Unfortunately this is very hard for us to debug from our end as we don’t have access to the system or understanding of its configuration. It’s likely that this can be resolved in your SSH config file, but sadly I can’t tell you how from here.

SSH

However, ssh bcash@129.114.63.100 goes through just fine

Could you try running this command (exactly as written, don’t add bcash@ to the start of the host IP):

ssh -oBatchMode=yes -oConnectTimeout=10 129.114.63.100 hostname

Then try with -oStrictHostKeyChecking turned off

ssh -oStrictHostKeyChecking=no -oBatchMode=yes -oConnectTimeout=10 129.114.63.100 hostname
  • If only the second command works then we need to work at adding -oStrictHostKeyChecking onto the SSH command.
  • If neither work you’ll likely need to do some work to your SSH configuration.
  • If both work I’m confused.

The really strange thing is that this SSH should only happen if:

  • More than one host has been configured by [scheduler][run hosts]available.
  • OR if host ranking has been configured by [scheduler][run hosts]ranking.

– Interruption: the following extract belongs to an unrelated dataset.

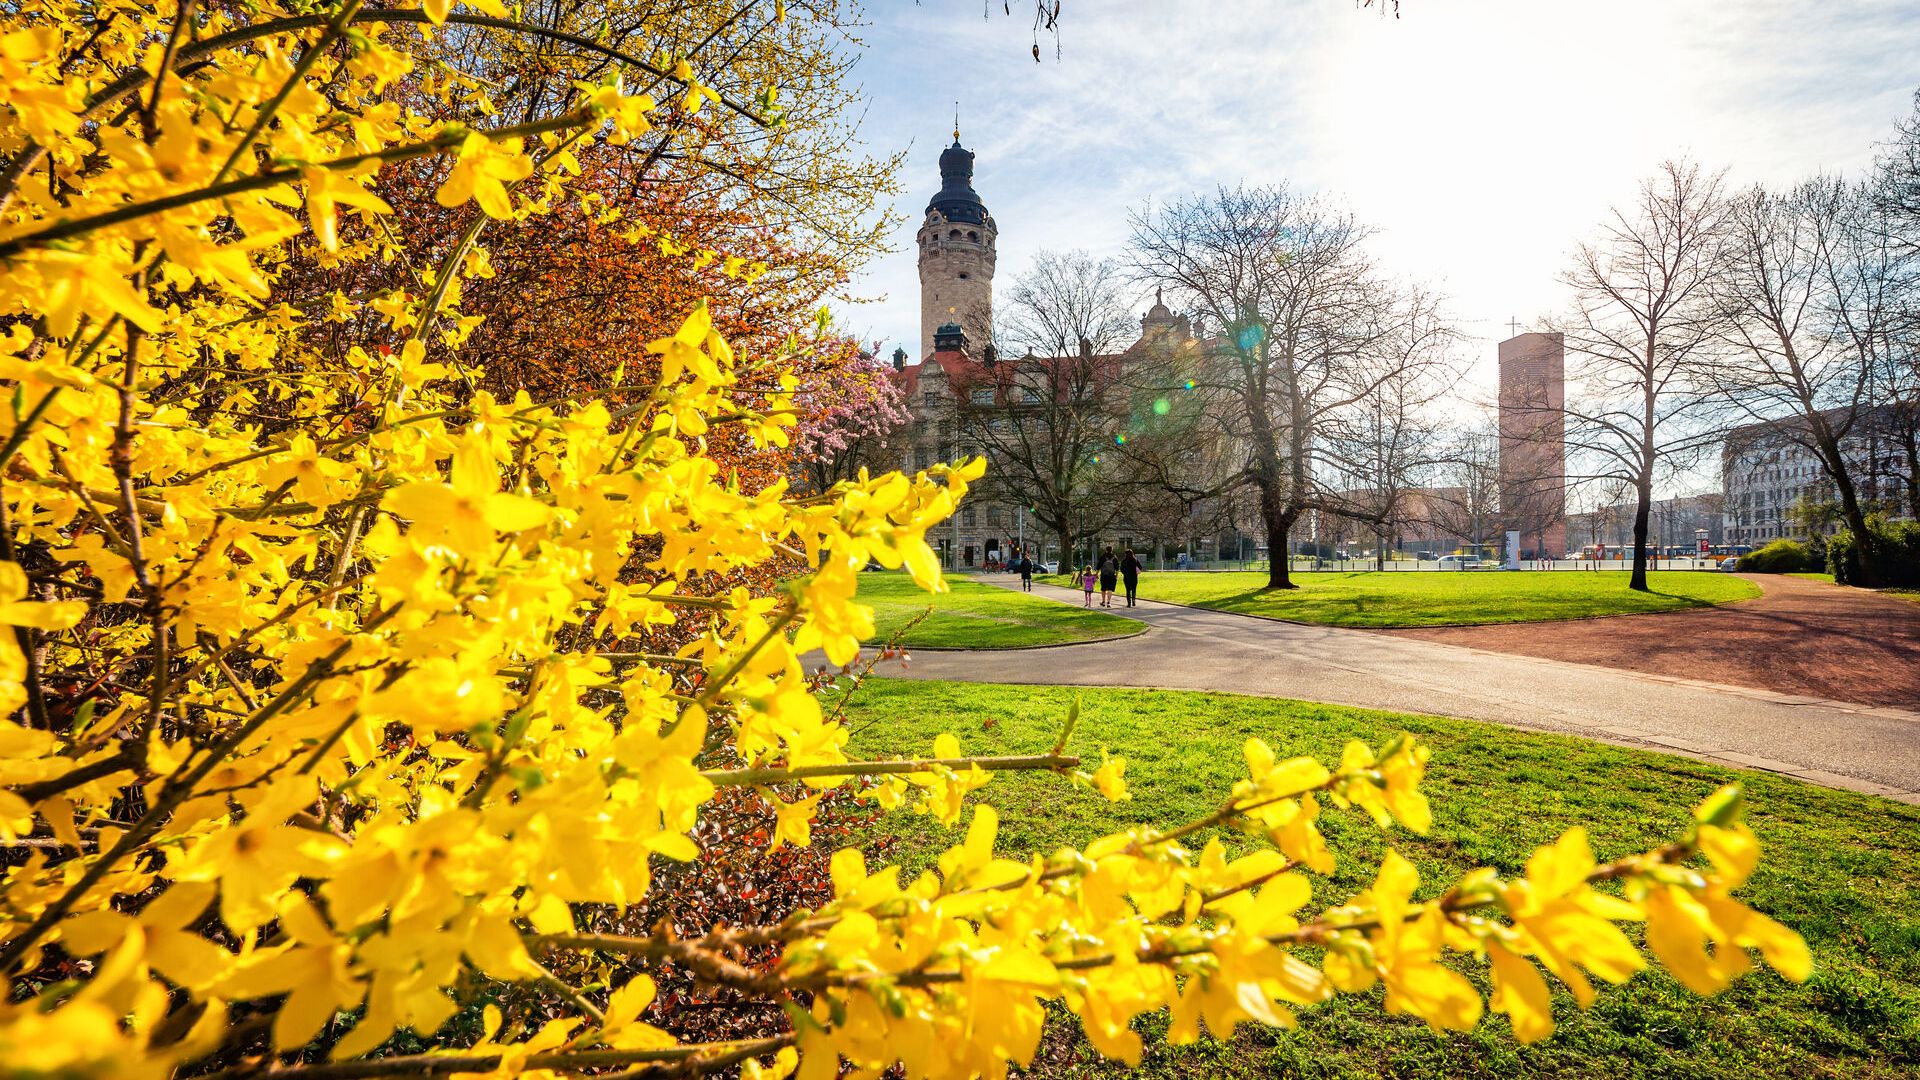 Vor dem neuen Rathaus blühen die Forsythien in ihrem kräftigen Gelb bei bestem Frühlingswetter, Frühling in Leipzig, Sehenswürdigkeit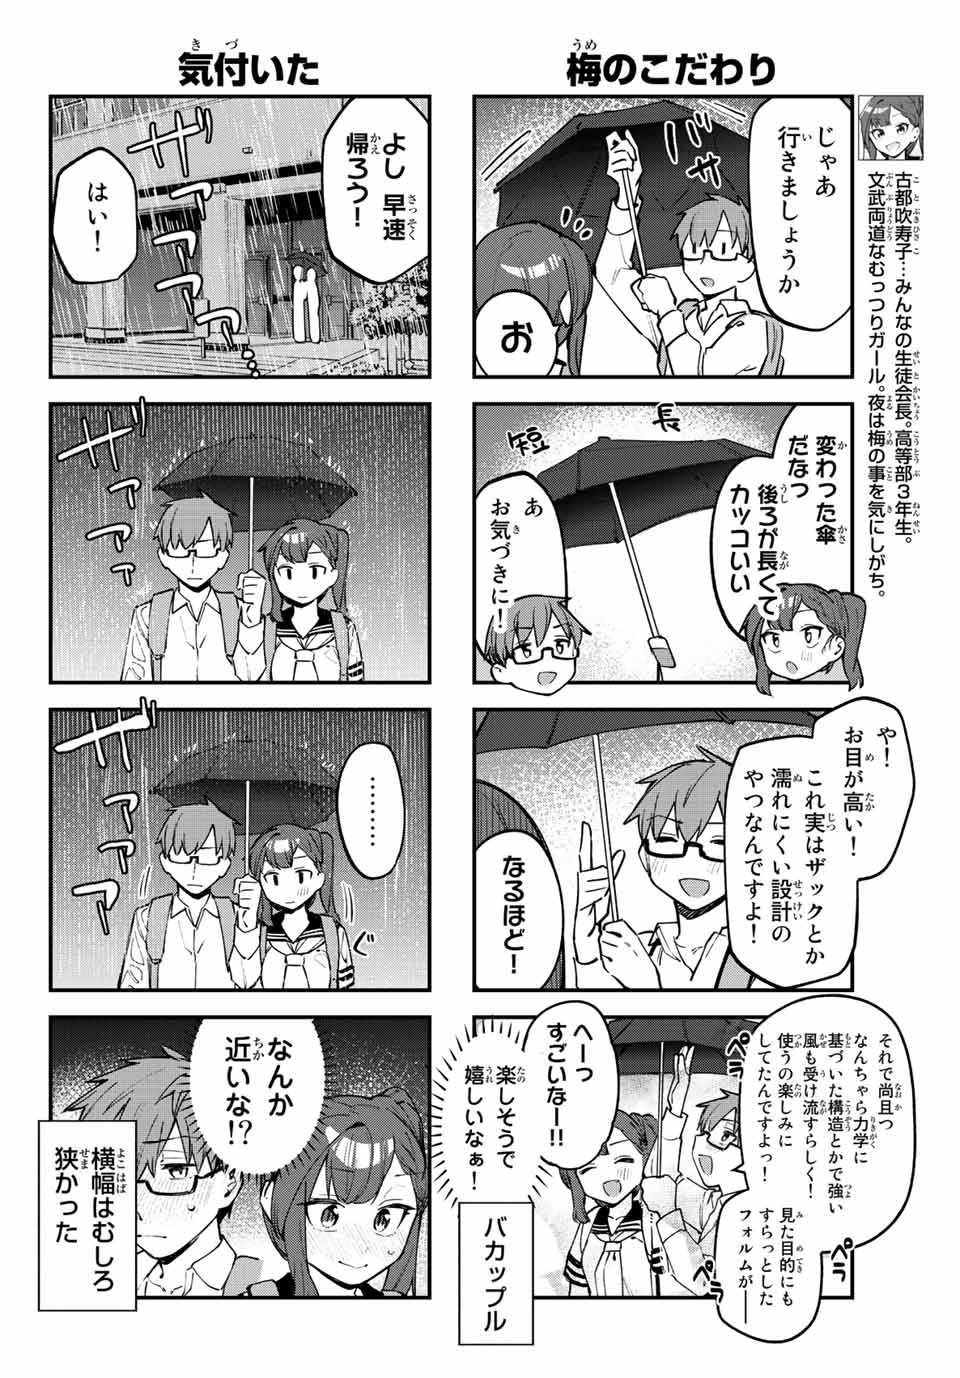 Seitokai mi mo Ana wa Aru! - Chapter 22 - Page 4

So it shouldn’t happen at all for you if your [scheduler][run hosts] section is blank.

StrictHostKeyChecking

One strange thing from that debug info is that I set stricthostkeychecking=no in my global.cylc but it doesn’t seem to have been picked up here:

It looks like you have configured the ssh command for the “frontera” platform, however, I don’t think the SSH being performed is to the frontera platform, I think it is actually an SSH to localhost, can you confirm this?

It is not presently possible to configure the ssh command used for the “run hosts” in this way (only the platforms where jobs are submitted), I’ll try to prioritise this.

Hi @oliver.sanders - Neither worked, so I did some poking around and the options that is causing the failure seems to be -oBatchMode=yes and including “hostname” at the end. Setting BatchMode to no or leaving it out avoid the “permission denied” error. Including “hostname” just causes the ssh to fail with no message.